Elle est suspendue dans le vide, accrochée à bout de bras à la corniche d’une fenêtre. La pointe de ses pieds a vaguement trouvé, à tâtons, un minuscule point d’ancrage, mais on pressent qu’elle ne tiendra pas longtemps. Juste en dessous, dans la ruelle, des gens fuient en criant. Un garçon traîne un corps inerte. D’autres silhouettes sont enchevêtrées sur le trottoir.
Une femme hurle : « C’est mon mec, aidez-le ! » On entend le bruit métallique de coups de feu qui claquent. Et puis, dans un moment d’accalmie, la fille suspendue à la corniche qui supplie des ombres, en bas, que l’on devine cachées sous une porte cochère : « S’il vous plaît, je suis enceinte… s’il vous plaît, je vais lâcher… » Il est 21 h 40, ce 13 novembre 2015, les terroristes ont ouvert le feu depuis quelques minutes à l’intérieur du Bataclan.
Aux petites heures du matin, le lendemain, les images de cette jeune femme suspendue dans le vide, au milieu du chaos de la fusillade, ont fait le tour du monde.
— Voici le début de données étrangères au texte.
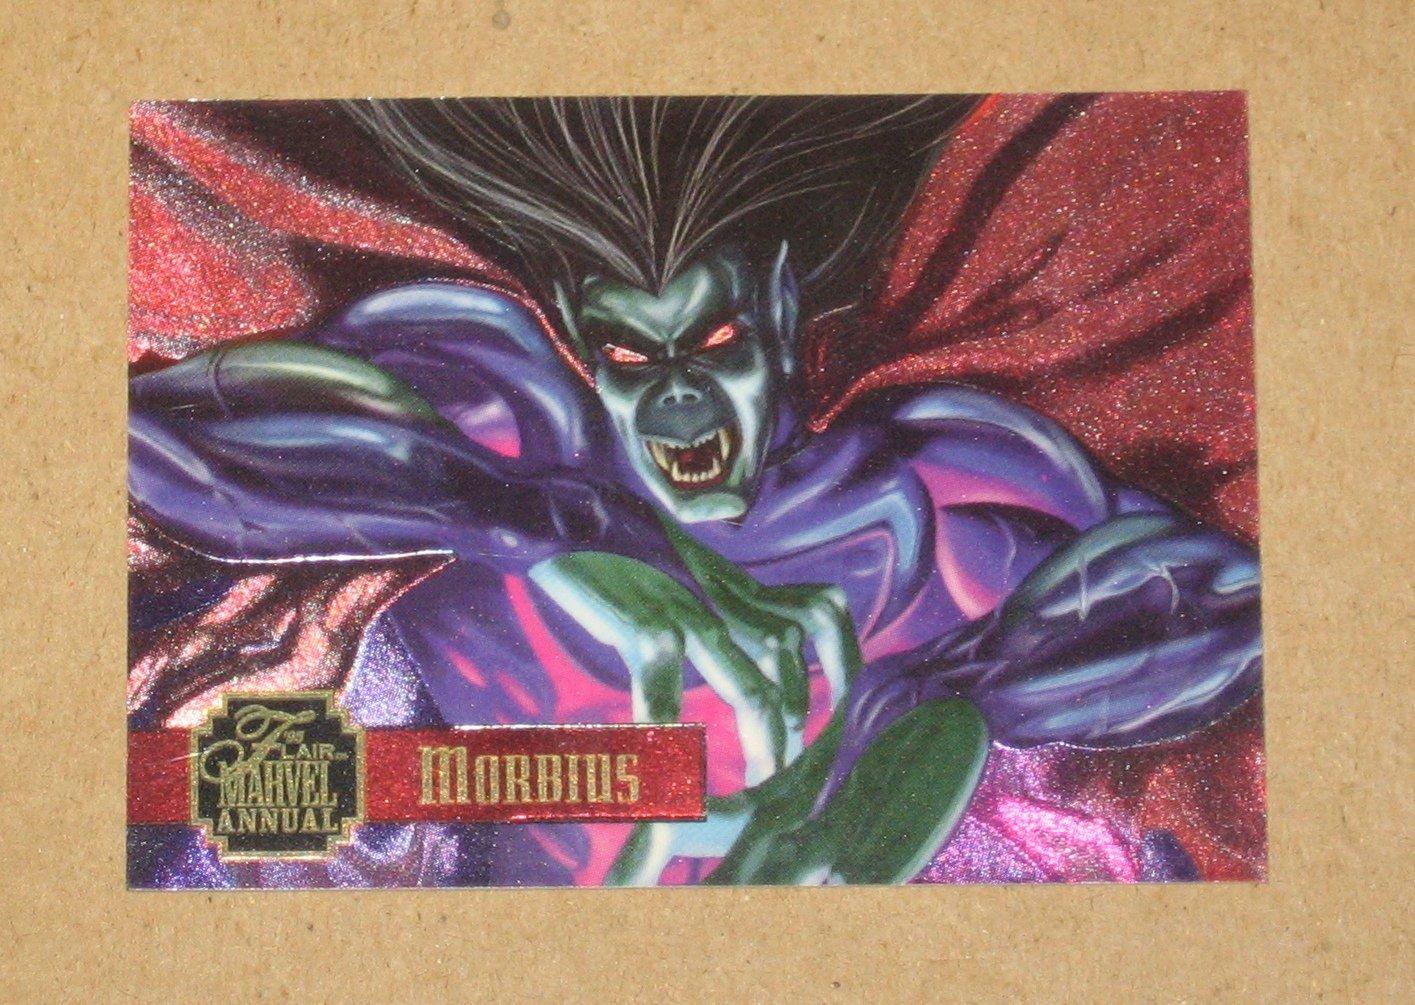 Flair '95 Marvel Annual (Fleer 1995) PowerBlast Card #10- Morbius VG

Et aussi celles d’un homme, accroché comme elle à une fenêtre du Bataclan, qui a finalement quitté son abri pour la faire remonter à l’intérieur, à bout de bras, et la sauver de la chute. C’est un journaliste du Monde qui les a saisies, un peu à la volée, sans comprendre tout à fait ce qui se produisait alors.
« Sœur d’armes »
Daniel Psenny habite au deuxième étage du 14, passage Amelot, un peu à gauche de l’unique sortie de secours du Bataclan. Dans cette petite rue du 11e arrondissement de Paris, les bagarres de fin de concert sont fréquentes. Alors, aux premiers coups de feu, il a ouvert sa fenêtre sans imaginer que, tout près, des commandos de djihadistes avaient déjà mitraillé des dizaines de personnes assises à des terrasses de café et que le Bataclan, où un groupe de hard rock américain donne un concert, est la dernière étape de leur mortelle virée.